Centre for Sleep Science, School of Human Sciences, University of Western Australia, Crawley, WA, Australia.
West Australian Sleep Disorders Research Institute, Department of Pulmonary Physiology and Sleep Medicine, Sir Charles Gairdner Hospital, Nedlands, WA, Australia.
Sleep. 2021 Nov 12;44(11). doi: 10.1093/sleep/zsab149.
This randomized, double-blind, placebo-controlled, crossover study was conducted to evaluate the safety and efficacy of 2 weeks of nightly sublingual cannabinoid extract (ZTL-101) in treating chronic insomnia (symptoms ≥3 months).
Co-primary study endpoints were safety of the medication based on adverse event reporting and global insomnia symptoms (Insomnia Severity Index [ISI]). Secondary endpoints included: self-reported (sleep diary), actigraphy-derived, and polysomnography measurements of sleep onset latency (SOL), wake after sleep onset (WASO), total sleep time (TST), sleep efficiency (SE); and self-reported assessments of sleep quality (sSQ) and feeling rested upon waking. Adjusted mean differences between placebo and ZTL-101 were calculated.

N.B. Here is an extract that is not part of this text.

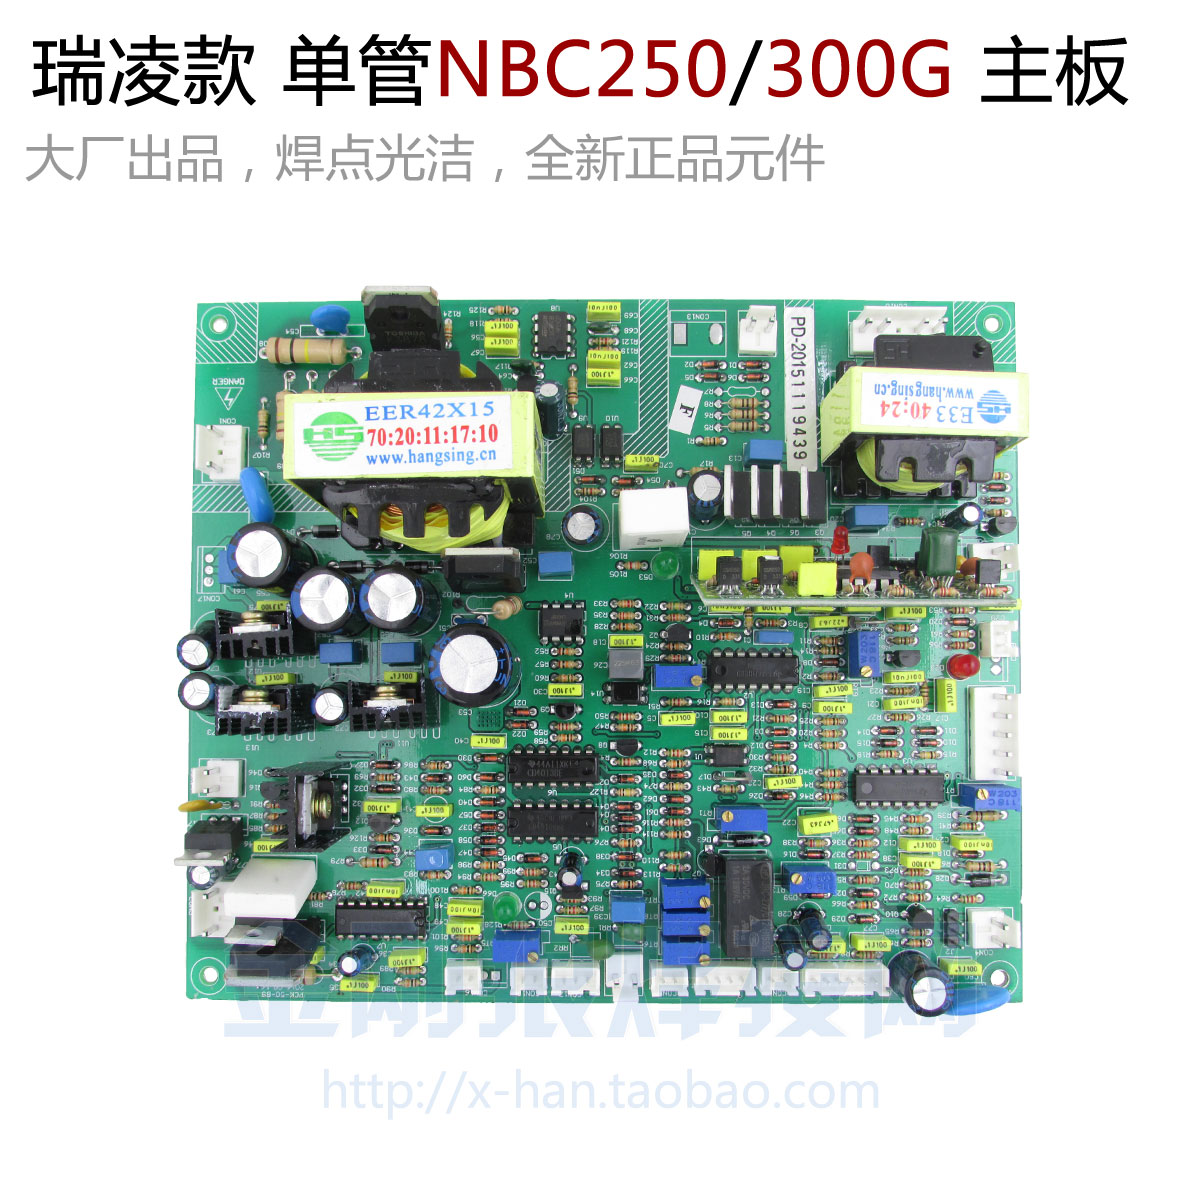 все цены на Single Pipe IGBT NBC250G 300G Carbon Dioxide Gas Shielded Welding Motherboard Circuit Board онлайн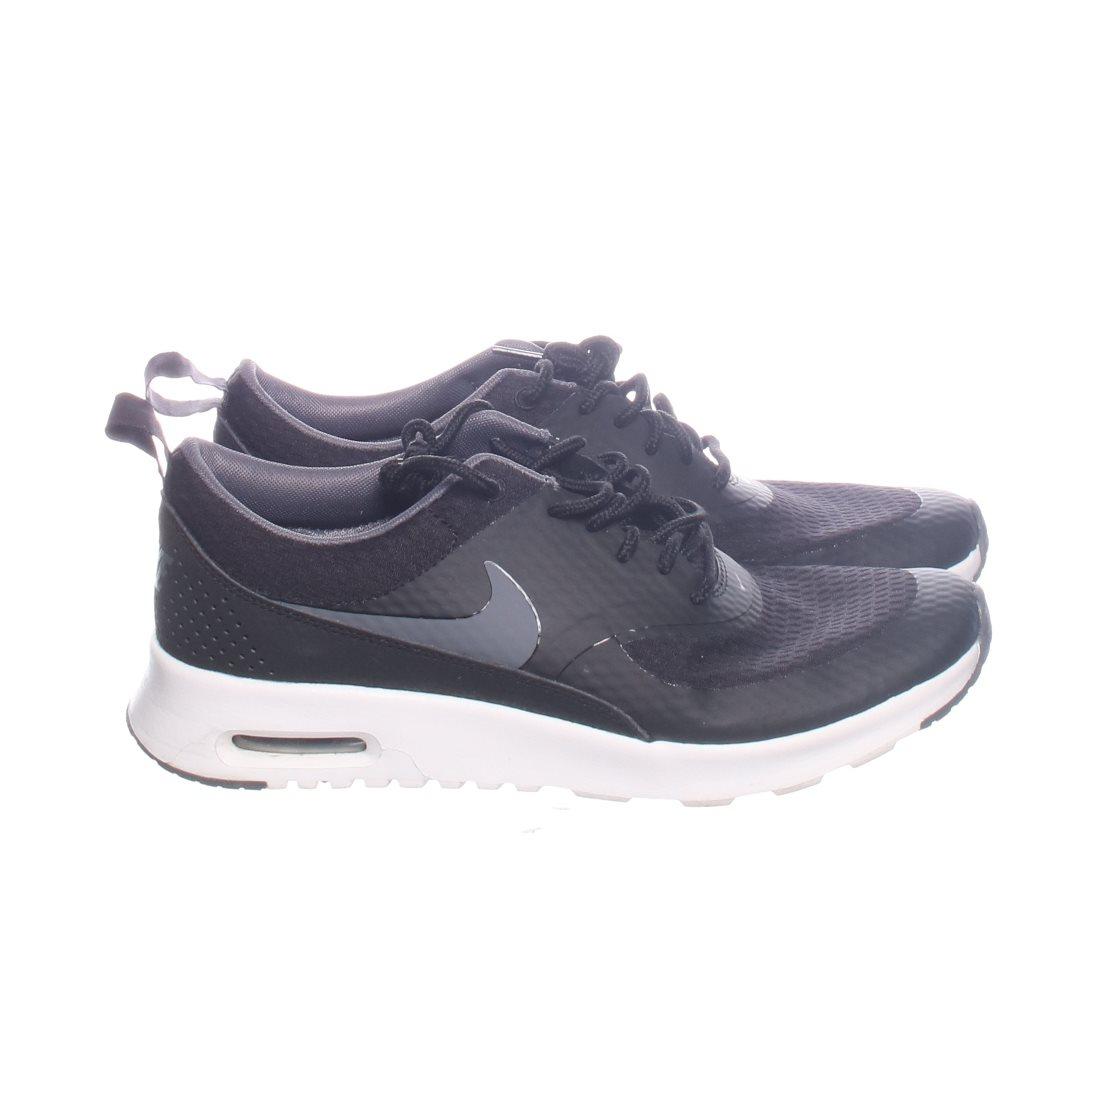 brand new 8b319 c5c2e Nike, Sneakers, Strl  38, AIR MAX THEA, Svart

Twenty-three of 24 randomized participants (n = 20 female, mean age 53 ± 9 years) completed the protocol. No serious adverse events were reported. Forty mild, nonserious, adverse events were reported (36 during ZTL-101) with all but one resolving overnight or soon after waking. Compared to placebo, ZTL-101 decreased ISI (-5.07 units [95% CI: -7.28 to -2.86]; p = 0.0001) and self-reported SOL (-8.45 min [95% CI: -16.33 to -0.57]; p = 0.04) and increased self-reported TST (64.6 min [95% CI: 41.70 to 87.46]; p < 0.0001), sSQ (0.74 units [95% CI: 0.51 to 0.97]; p < 0.0001), and feeling of being rested on waking (0.51 units [95% CI: 0.24 to 0.78]; p = 0.0007). ZTL-101 also decreased actigraphy-derived WASO (-10.2 min [95% CI: -16.2 to -4.2]; p = 0.002), and increased actigraphy-derived TST (33.4 min [95% CI: 23.07 to 43.76]; p < 0.001) and SE (2.9% [95% CI: 2.0 to 3.8]; p = 0.005).
Two weeks of nightly sublingual administration of a cannabinoid extract (ZTL-101) is well tolerated and improves insomnia symptoms and sleep quality in individuals with chronic insomnia symptoms.
ANZCTR; anzctr.org.au; ACTRN12618000078257.
这项随机、双盲、安慰剂对照、交叉研究旨在评估每晚舌下给予大麻素提取物(ZTL-101)治疗慢性失眠(症状≥3 个月)的安全性和疗效。
主要研究终点是根据不良事件报告评估药物的安全性和整体失眠症状(失眠严重程度指数[ISI])。次要终点包括:自我报告(睡眠日记)、活动记录仪衍生和多导睡眠图测量的入睡潜伏期(SOL)、睡眠后觉醒(WASO)、总睡眠时间(TST)、睡眠效率(SE);以及自我报告的睡眠质量(sSQ)和醒来后感觉休息情况。计算安慰剂和 ZTL-101 之间的调整平均差异。
24 名随机参与者中的 23 名(n=20 名女性,平均年龄 53±9 岁)完成了方案。没有报告严重不良事件。报告了 40 例轻度、非严重的不良事件(36 例发生在 ZTL-101 期间),除 1 例外,所有不良事件均在夜间或醒来后不久得到解决。与安慰剂相比,ZTL-101 降低了 ISI(-5.07 单位[95%置信区间:-7.28 至-2.86];p=0.0001)和自我报告的 SOL(-8.45 分钟[95%置信区间:-16.33 至-0.57];p=0.04),并增加了自我报告的 TST(64.6 分钟[95%置信区间:41.70 至 87.46];p<0.0001)、sSQ(0.74 单位[95%置信区间:0.51 至 0.97];p<0.0001)和醒来时感觉休息情况(0.51 单位[95%置信区间:0.24 至 0.78];p=0.0007)。ZTL-101 还降低了活动记录仪衍生的 WASO(-10.2 分钟[95%置信区间:-16.2 至-4.2];p=0.002),并增加了活动记录仪衍生的 TST(33.4 分钟[95%置信区间:23.07 至 43.76];p<0.001)和 SE(2.9%[95%置信区间:2.0 至 3.8];p=0.005)。
每晚舌下给予大麻素提取物(ZTL-101)治疗 2 周可耐受良好,并改善慢性失眠症状患者的失眠症状和睡眠质量。
ANZCTR;anzctr.org.au;ACTRN12618000078257。